PROBLEM: Restate word for word the lines of the listing below, from its first line through the line with "Detailed political and", without the pictures.
-- DATA SEGMENT follows --
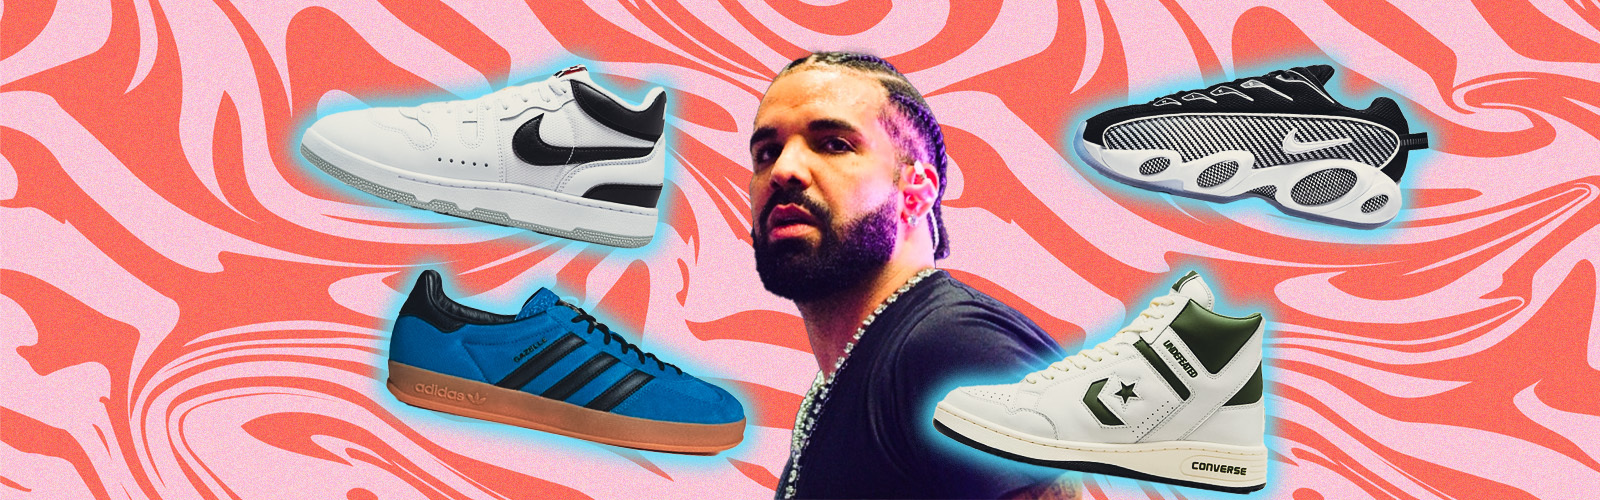 Drake's Nike Nocta Glide Gets New Colorways
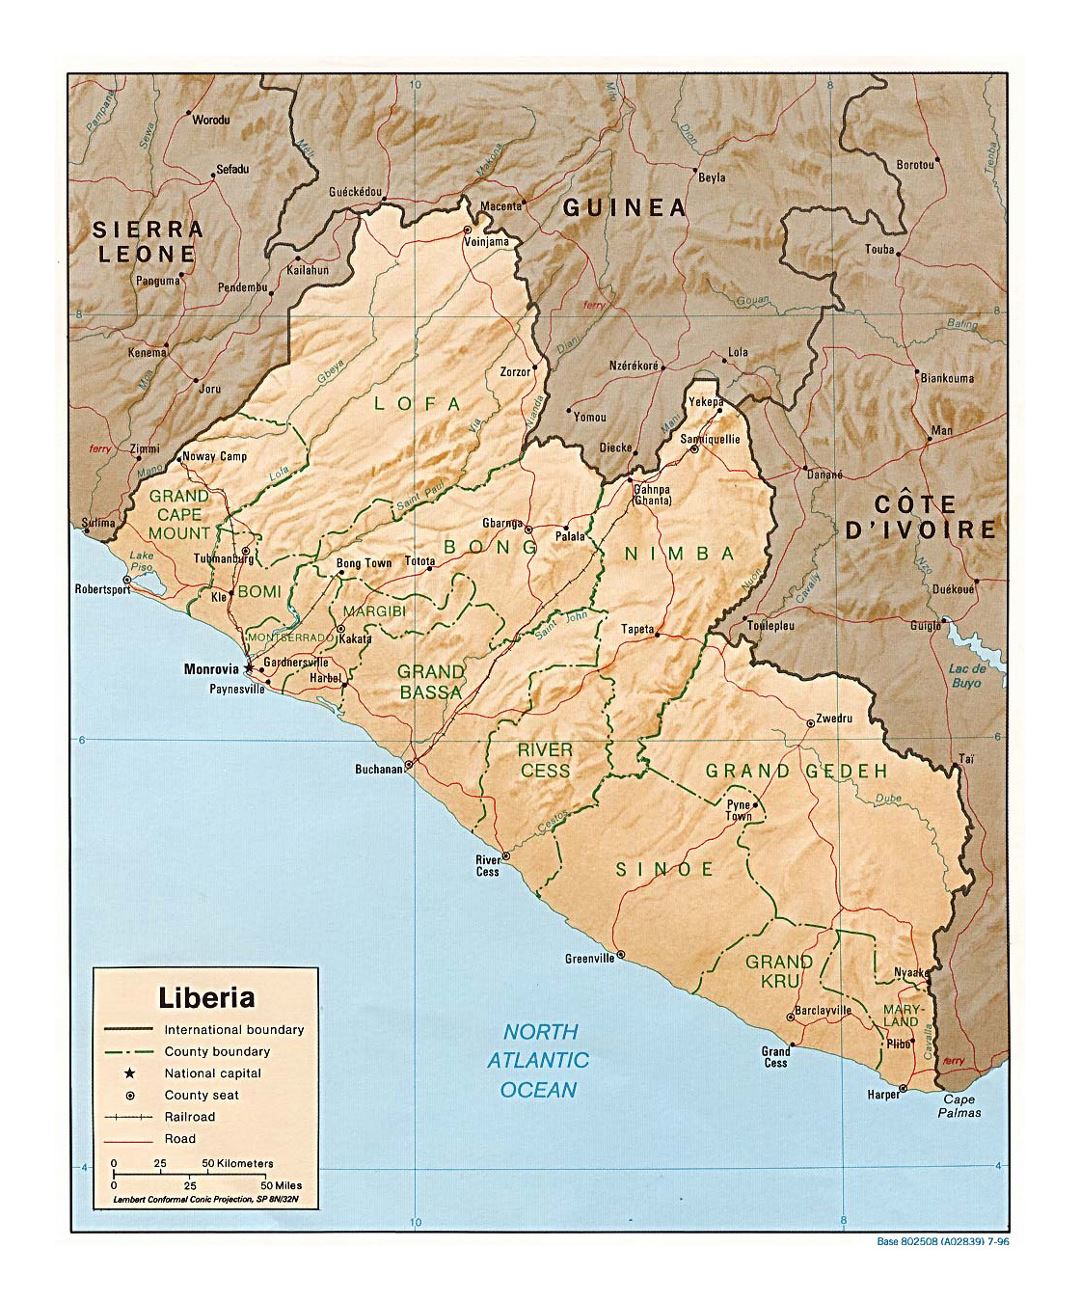 Detailed political and administrative map of Liberia with relief, roads, railroads and major cities - 1996
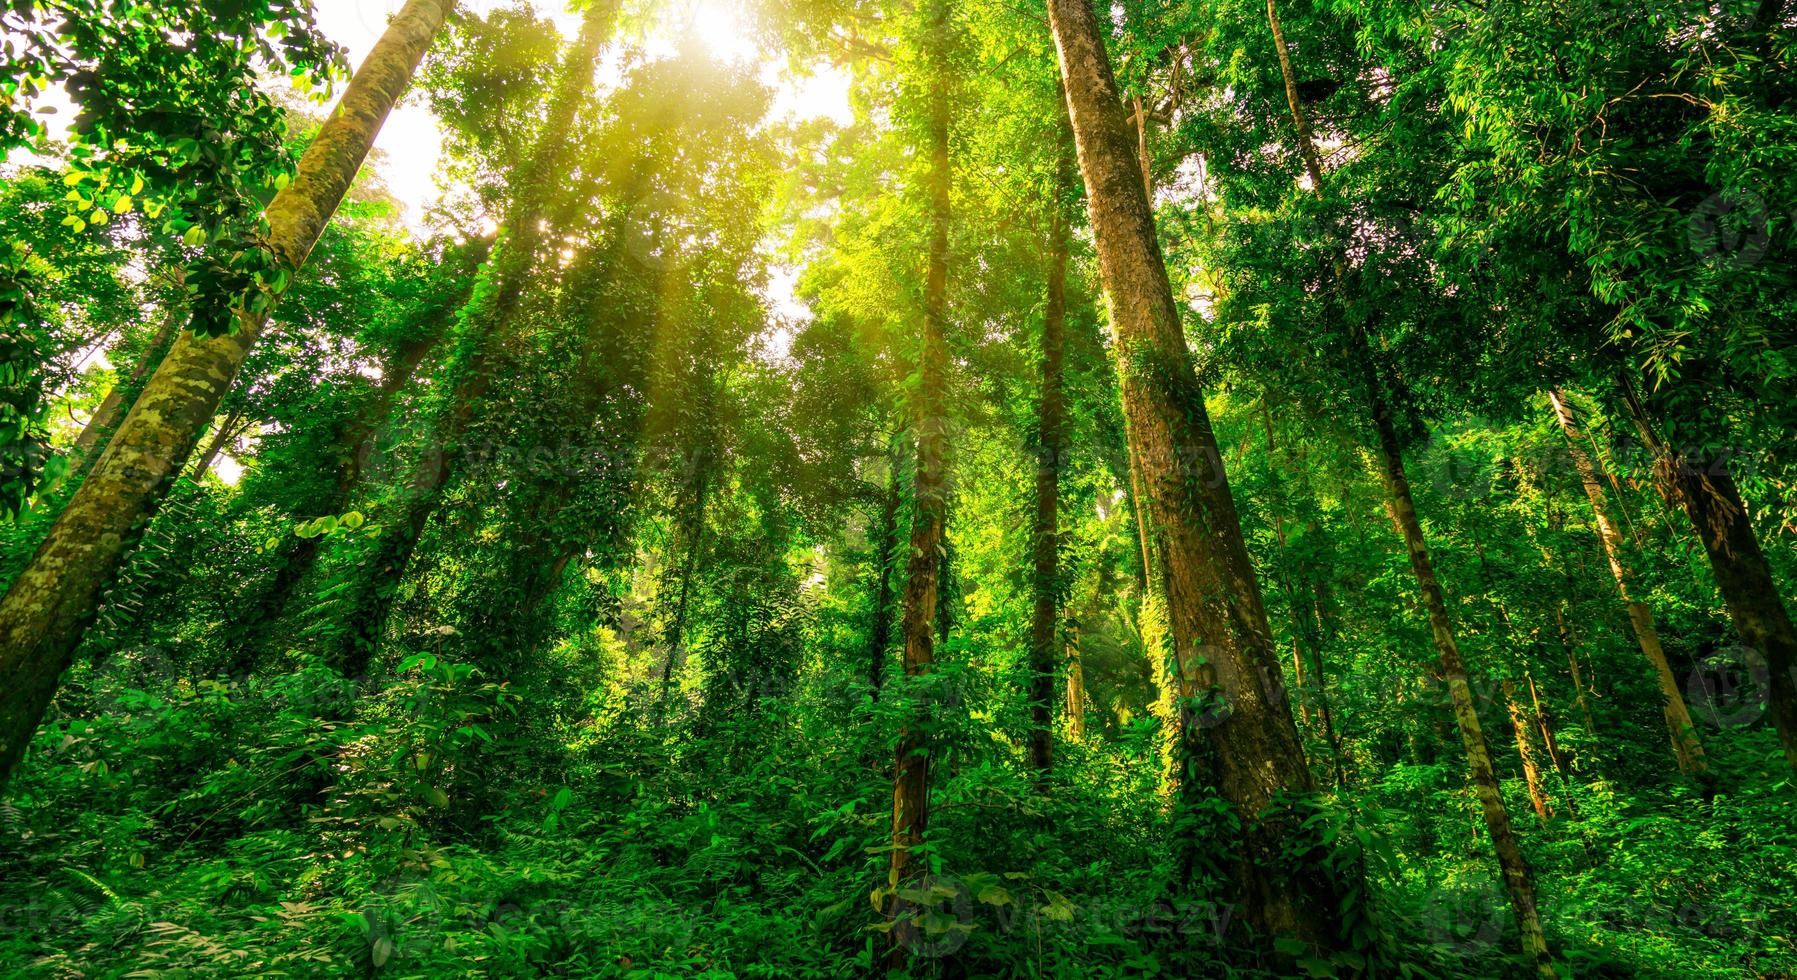 Bottom view of green tree in tropical forest with sunshine. Bottom view background of tree with green leaves and sun light in the the day. Tall tree in woods. Jungle in Thailand. Asian tropical forest photo
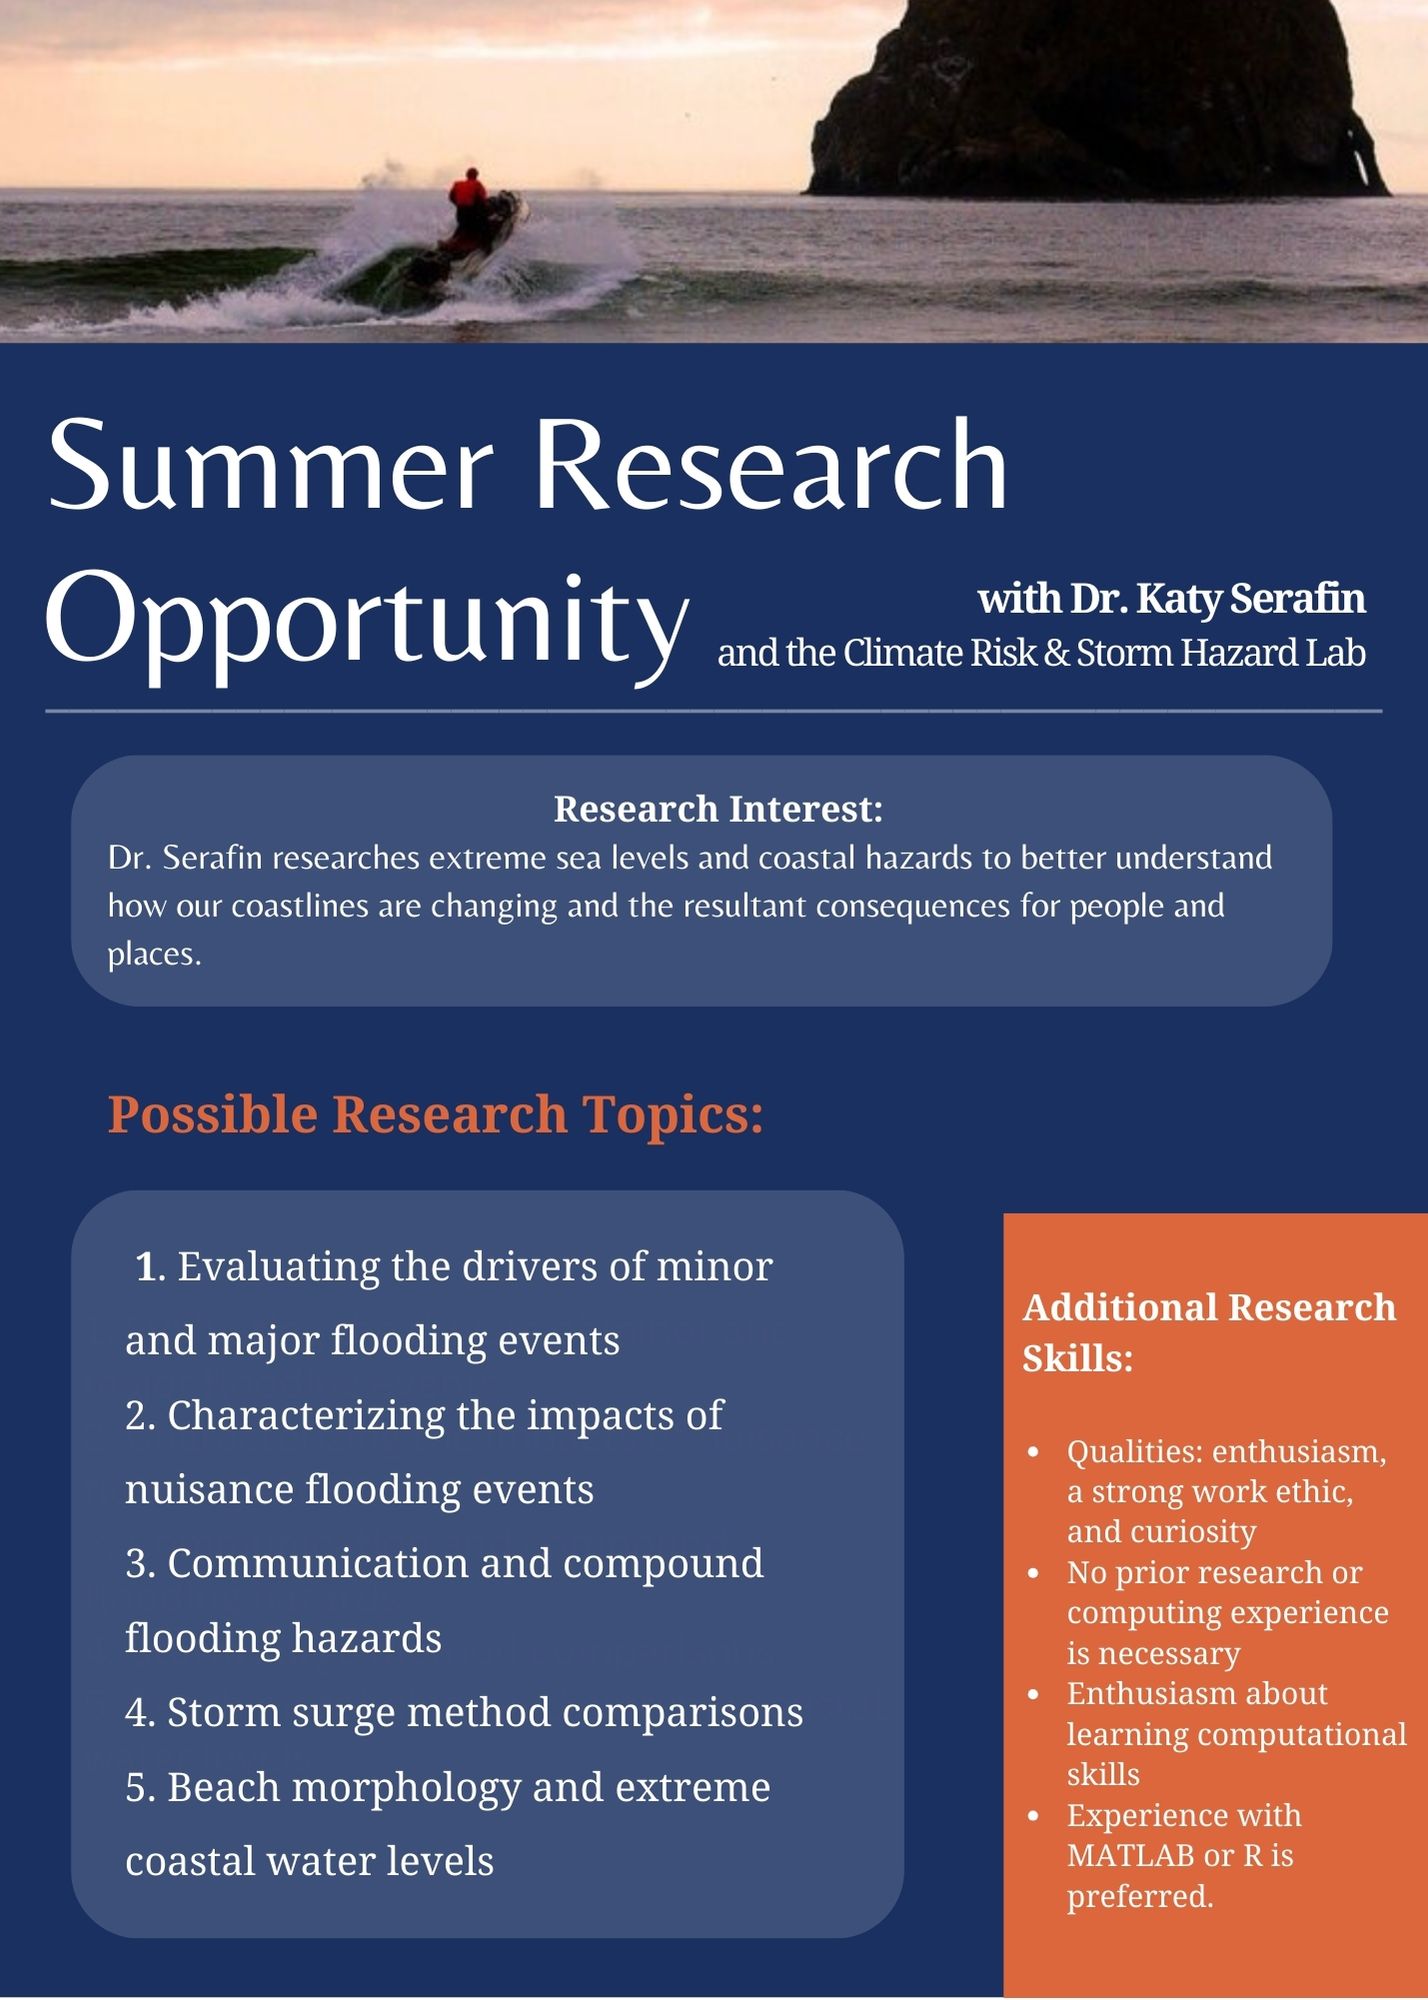 Summer research opportunity with Dr. Katy Serafin
-- DATA SEGMENT concluded --
FINISHED TASK:
 Drake's Nike Nocta Glide Gets New Colorways
 Detailed political and administrative map of Liberia with relief, roads, railroads and major cities - 1996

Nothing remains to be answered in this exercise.